| Assignment |
Please restate each line of the material word for word and omit any pictures.

| Data records |
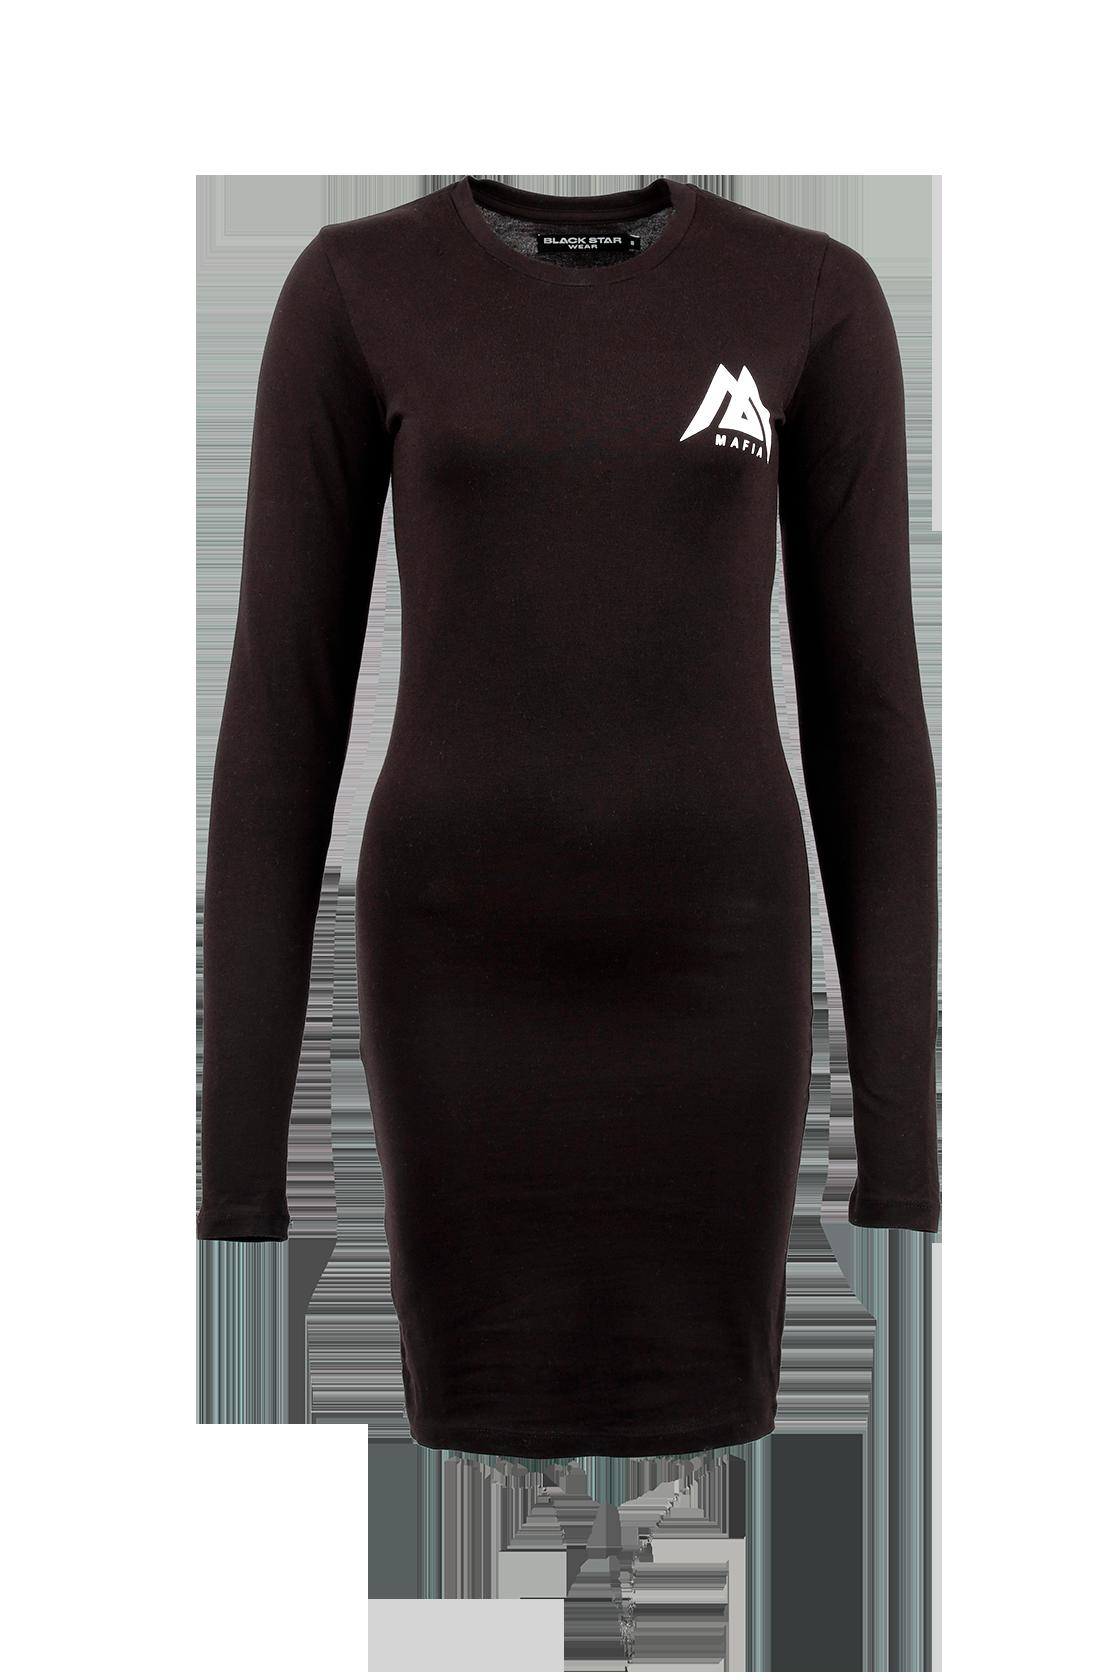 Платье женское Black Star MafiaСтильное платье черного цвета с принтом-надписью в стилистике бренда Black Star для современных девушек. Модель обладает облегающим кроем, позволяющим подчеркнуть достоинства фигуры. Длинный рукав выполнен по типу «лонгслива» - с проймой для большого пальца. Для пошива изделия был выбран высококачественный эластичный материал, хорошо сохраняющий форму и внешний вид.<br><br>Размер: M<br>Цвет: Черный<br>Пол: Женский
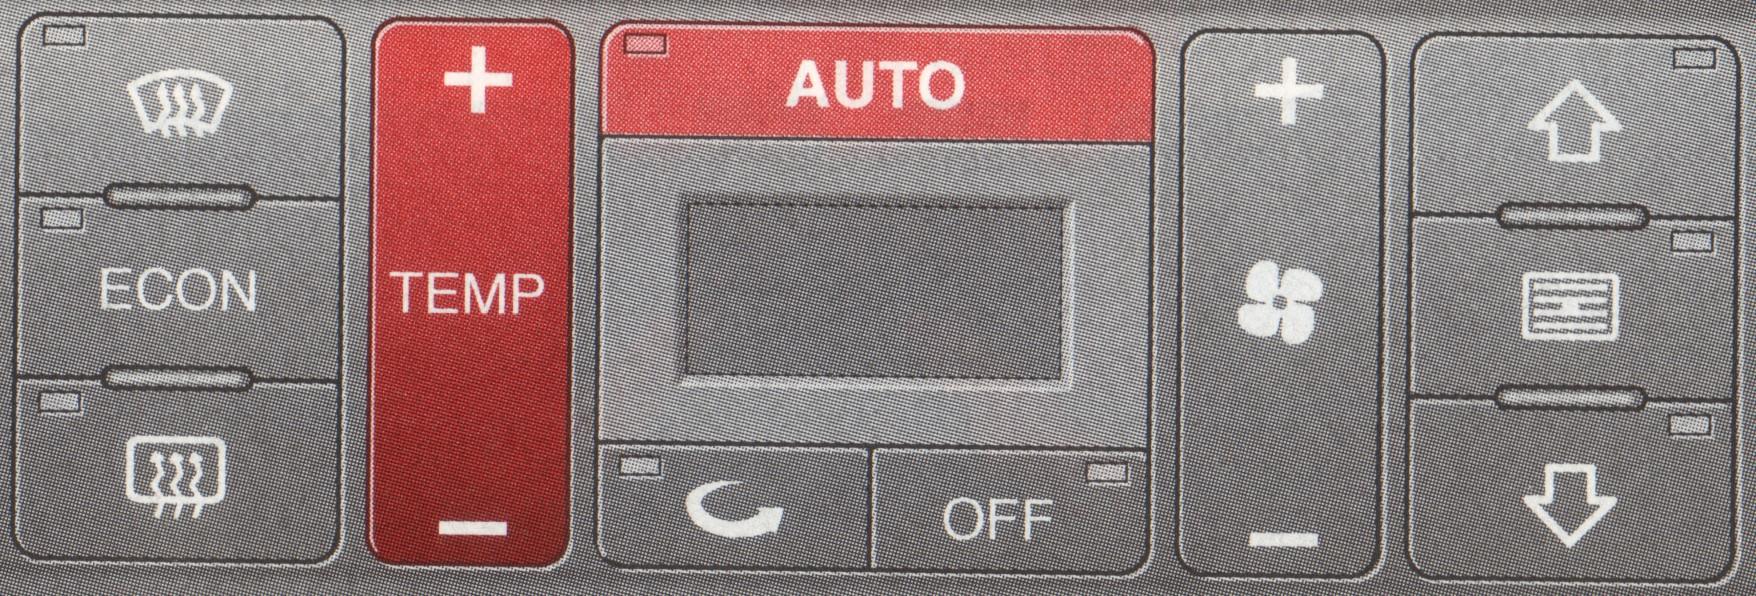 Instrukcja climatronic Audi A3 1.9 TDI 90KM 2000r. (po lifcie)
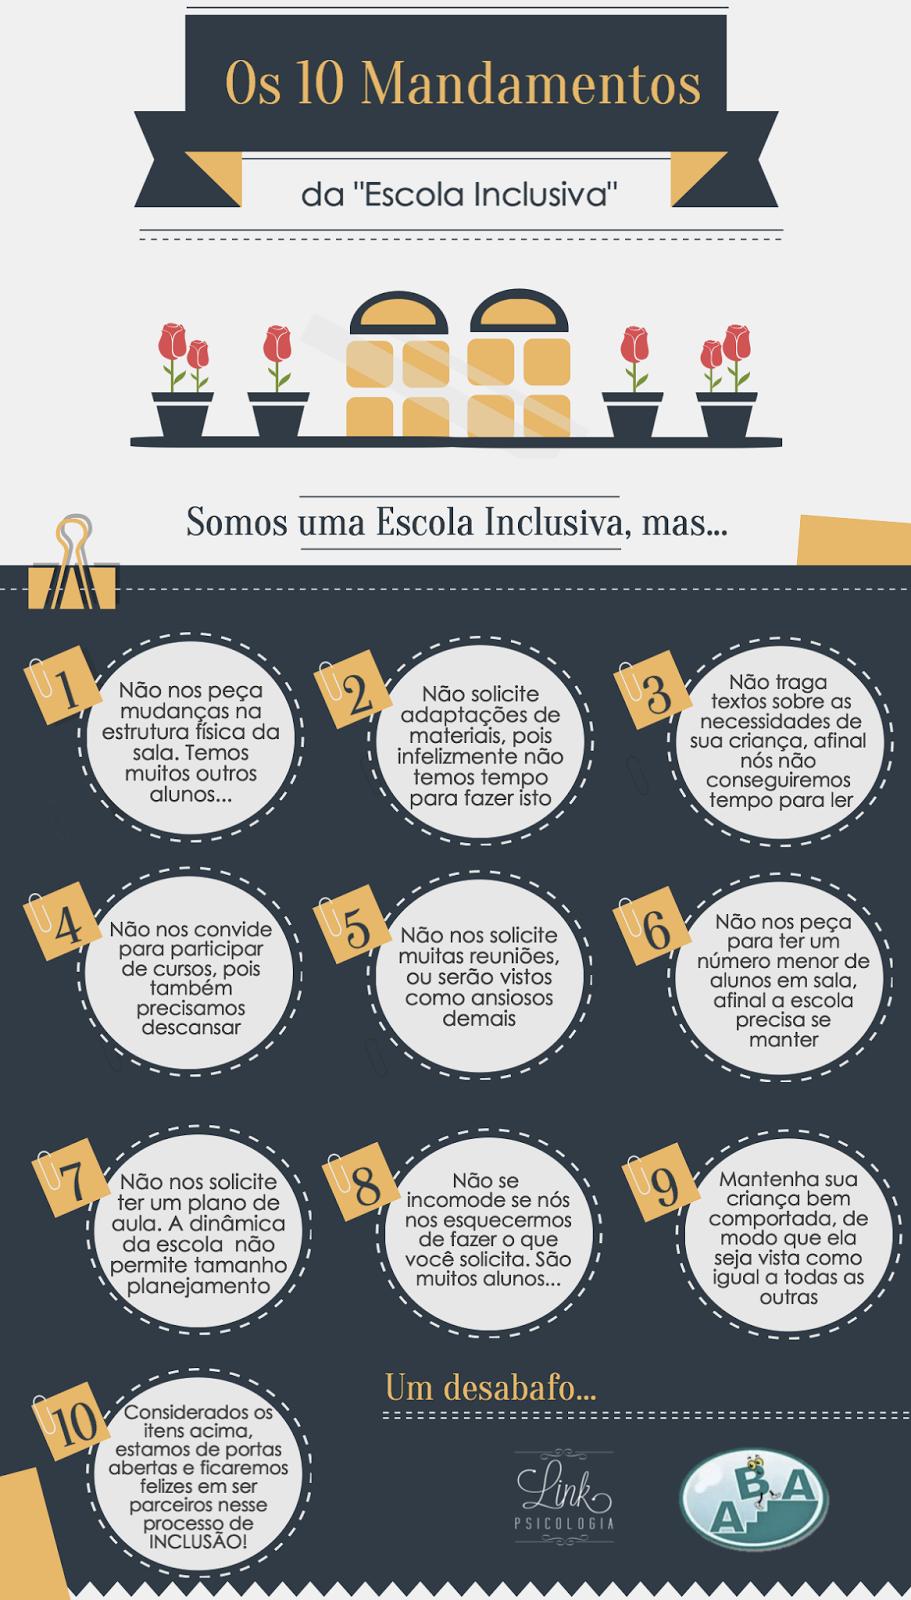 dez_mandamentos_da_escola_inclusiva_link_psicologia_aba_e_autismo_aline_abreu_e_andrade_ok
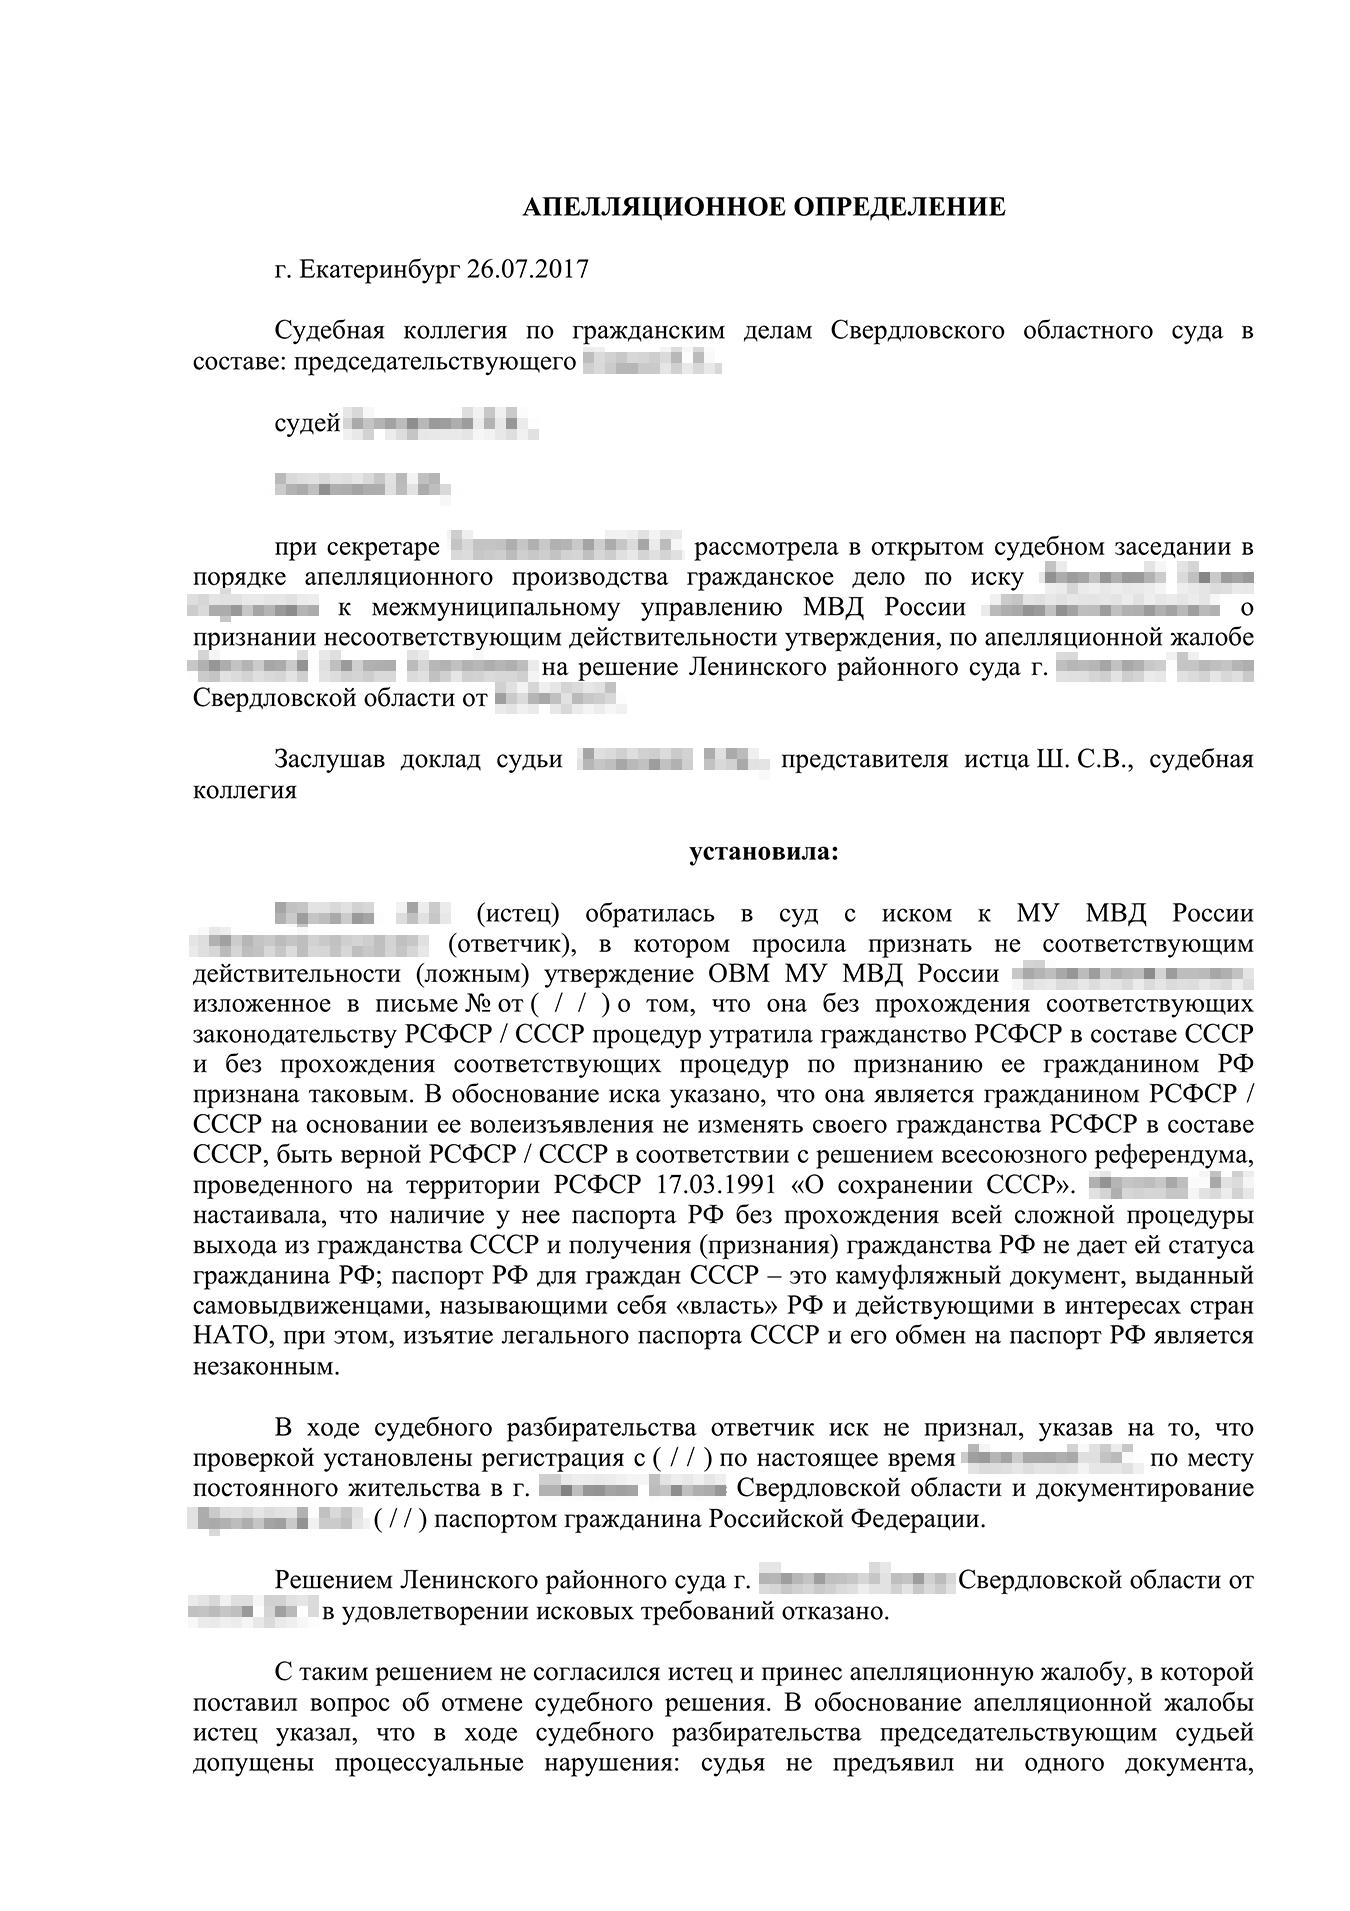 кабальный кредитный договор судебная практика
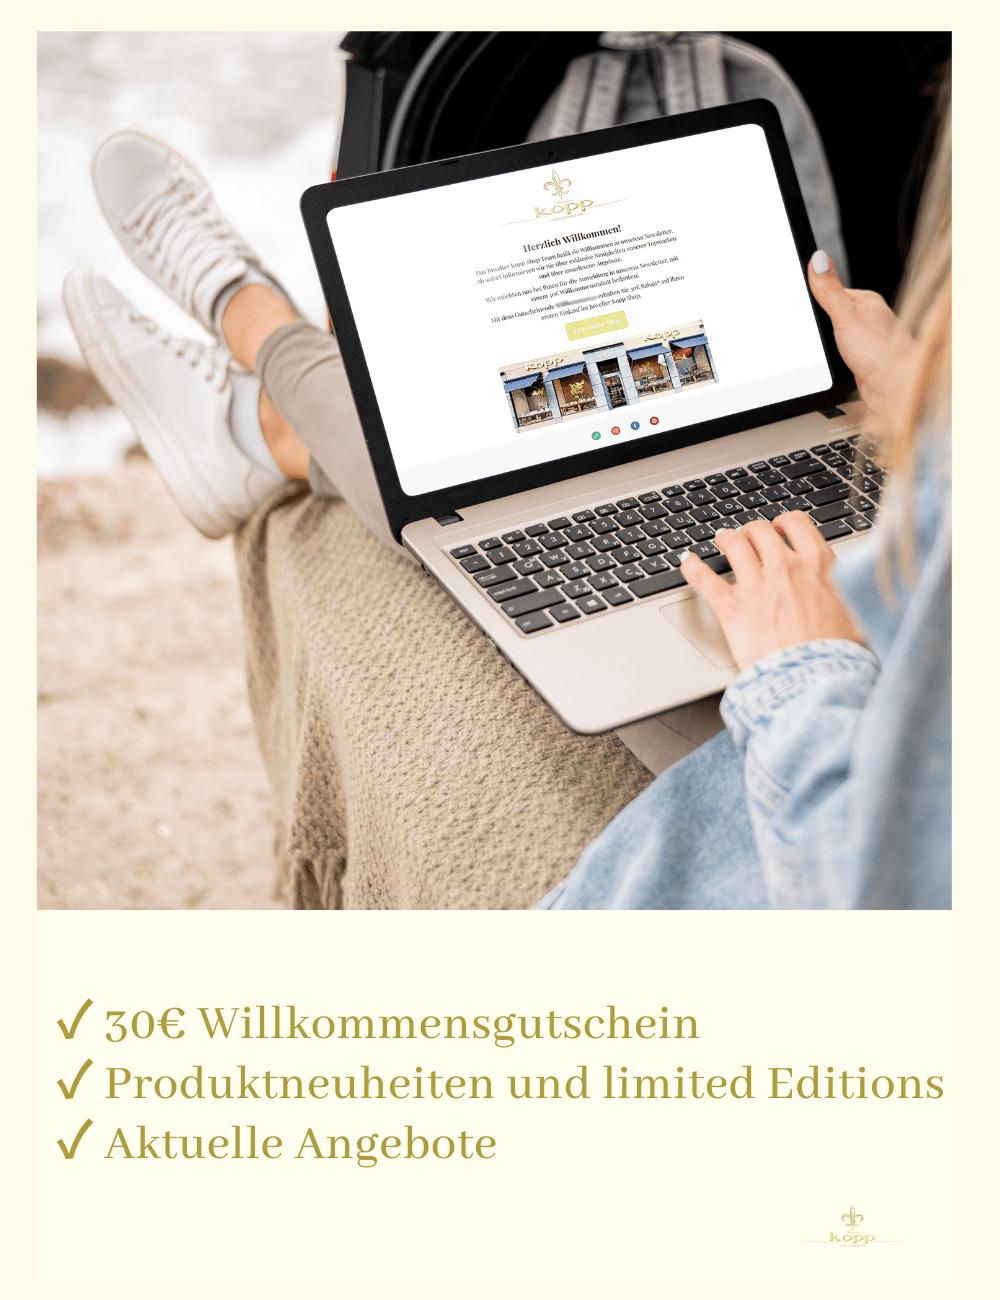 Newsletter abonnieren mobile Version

| Result of the task |
 Платье женское Black Star MafiaСтильное платье черного цвета с принтом-надписью в стилистике бренда Black Star для современных девушек. Модель обладает облегающим кроем, позволяющим подчеркнуть достоинства фигуры. Длинный рукав выполнен по типу «лонгслива» - с проймой для большого пальца. Для пошива изделия был выбран высококачественный эластичный материал, хорошо сохраняющий форму и внешний вид.<br><br>Размер: M<br>Цвет: Черный<br>Пол: Женский
 Instrukcja climatronic Audi A3 1.9 TDI 90KM 2000r. (po lifcie)
 dez_mandamentos_da_escola_inclusiva_link_psicologia_aba_e_autismo_aline_abreu_e_andrade_ok
 кабальный кредитный договор судебная практика
 Newsletter abonnieren mobile Version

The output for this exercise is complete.